Sous l’ancien président Satoru Iwata, Nintendo a lancé les Directs comme un moyen de parler directement au consommateur. Ce faisant, l’entreprise évite non seulement la presse, mais aussi les médias publicitaires traditionnels comme la télévision. Nintendo diffuse toujours des publicités à la télévision, mais il n’a pas la possibilité de parler directement aux clients pendant quarante minutes à la fois. Et, pendant ce temps, Nintendo contrôle complètement le message à un degré plus élevé que les événements en personne, où les choses peuvent mal jouer dans la pièce, comme elles l’ont fait avec la conférence de presse désastreuse de Nintendo à l’E3 2008.

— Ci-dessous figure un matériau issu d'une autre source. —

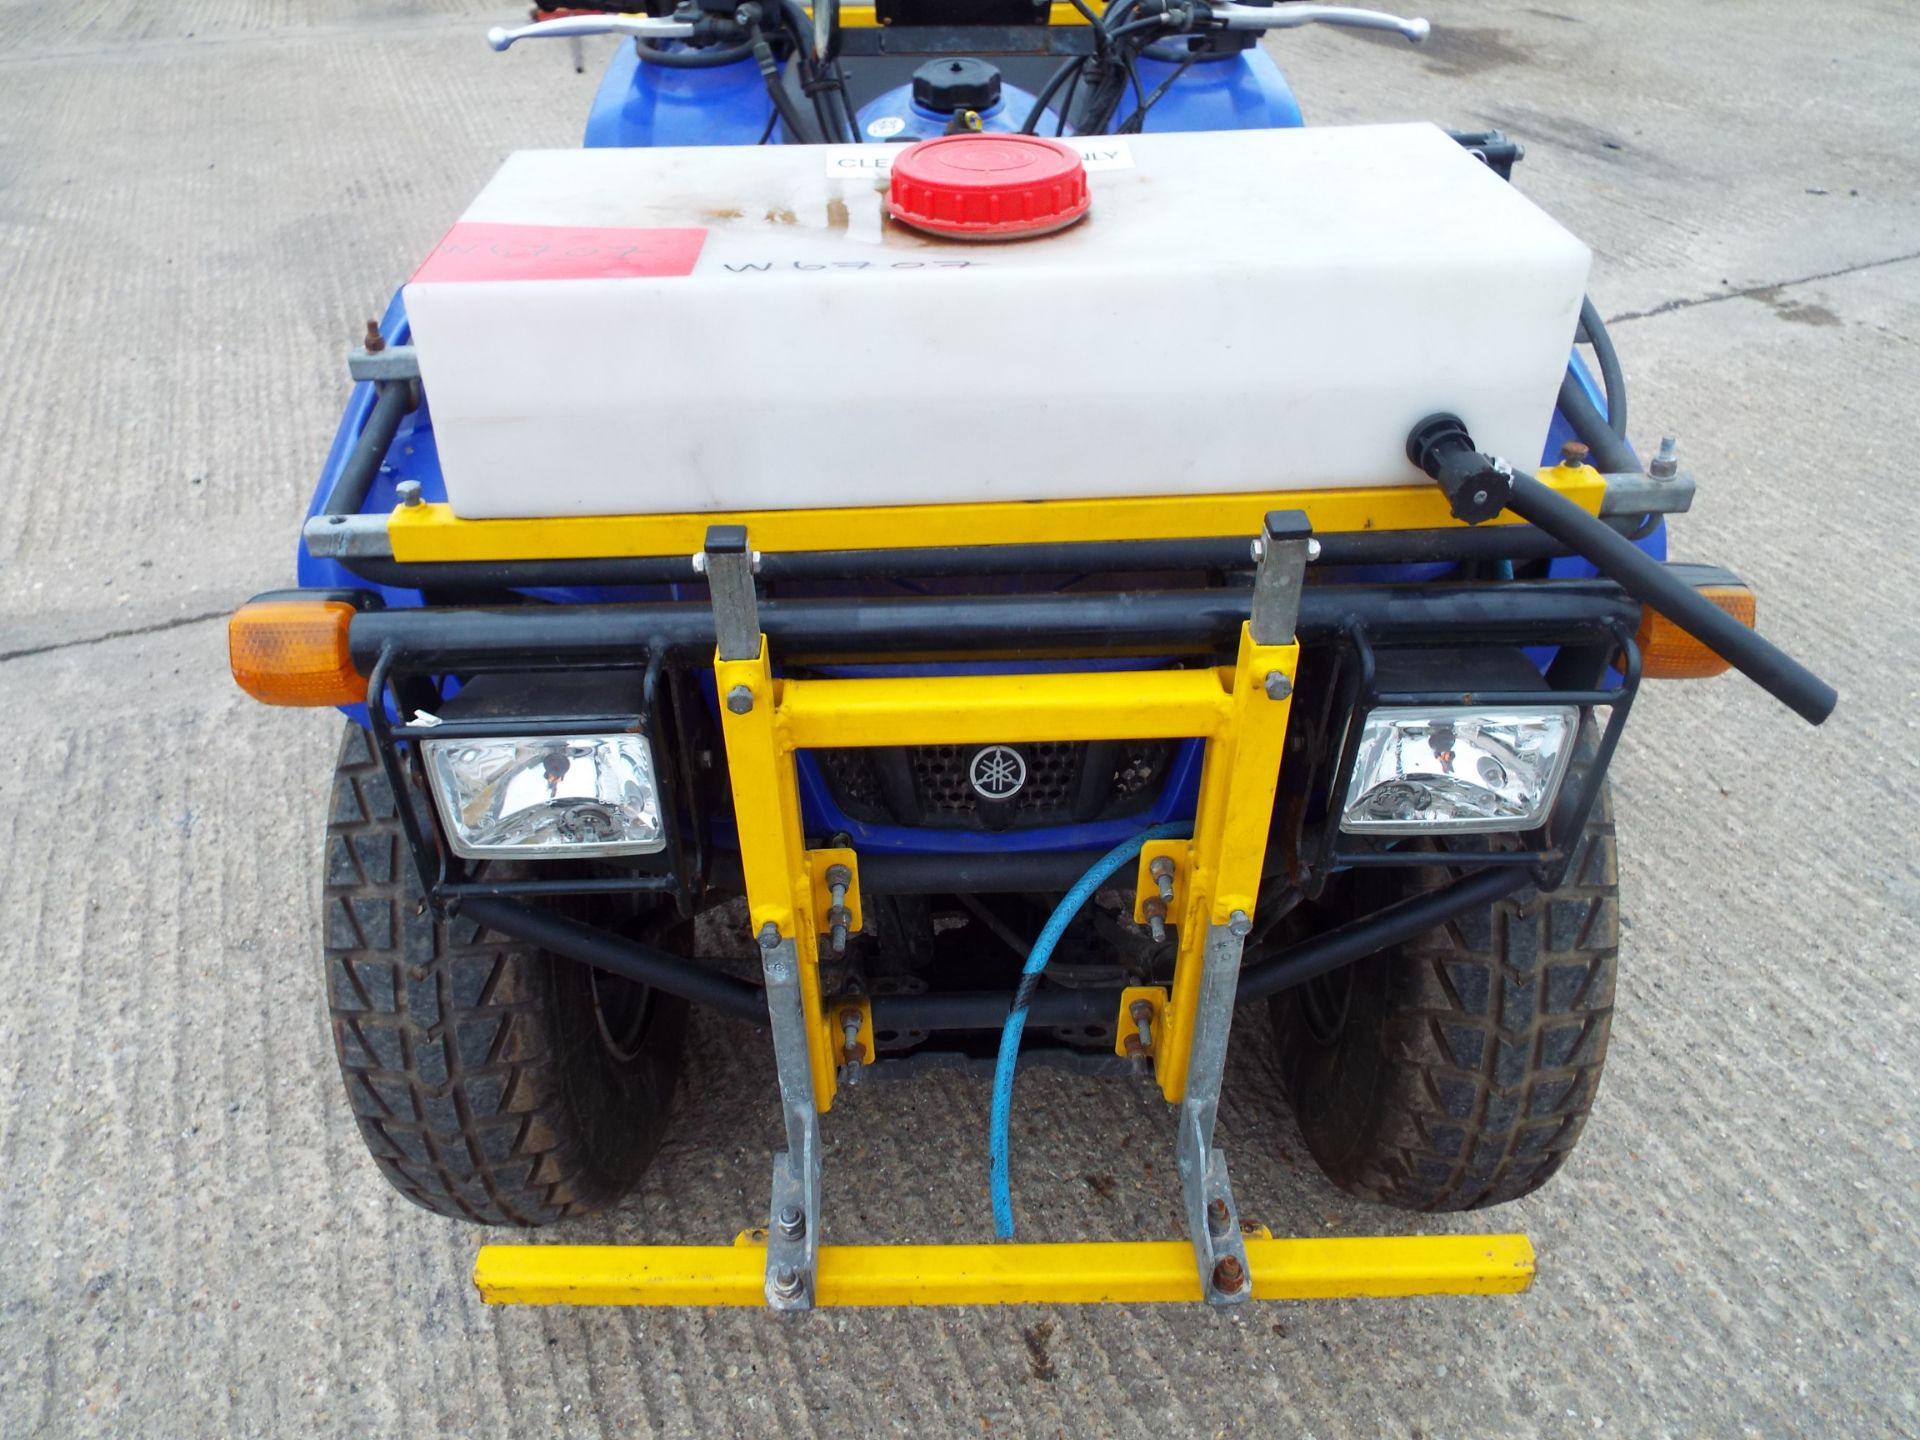 2008 Yamaha Grizzly 350 Ultramatic Quad Bike fitted with Vale Front/Rear Spraying Equipment - Bild 16 aus 26
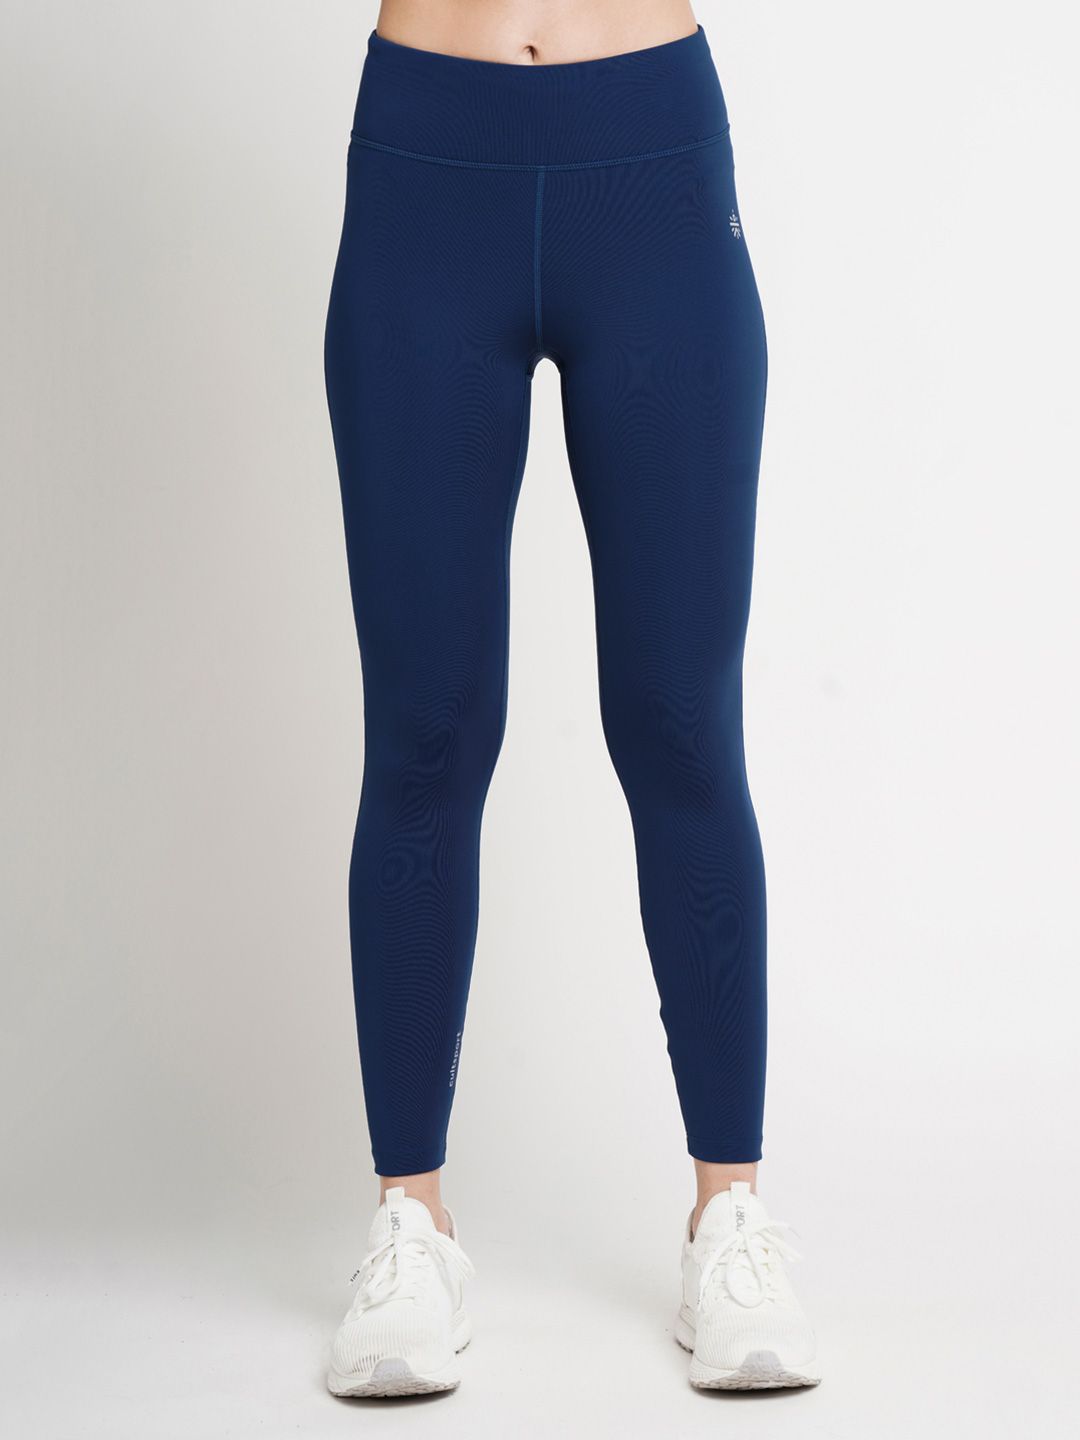 Cultsport Women Navy Blue Solid Tights Price in India

Nintendo sait ce qu’il fait. Les directs sont bien faits, informatifs et intéressants. L’image de marque et la présentation sont toutes au point, mais ce qui sépare les directs d’une autre campagne publicitaire élégante, c’est que les gens ont un investissement émotionnel dans Nintendo. Ainsi, regarder un Nintendo Direct ne consiste pas simplement à absorber un communiqué de presse en direct, mais un moyen pour les fans de se connecter aux jeux et au matériel de l’entreprise ainsi qu’à la culture environnante. Ce qui fait que les gens anticipent ces présentations, c’est que Nintendo a l’habitude de faire des annonces.

Puisque Nintendo fait l’actualité et que les directs sont divertissants, les gens les regardent et la presse les couvre. Mais divertir est différent du divertissement, et le reportage est différent du gâchis.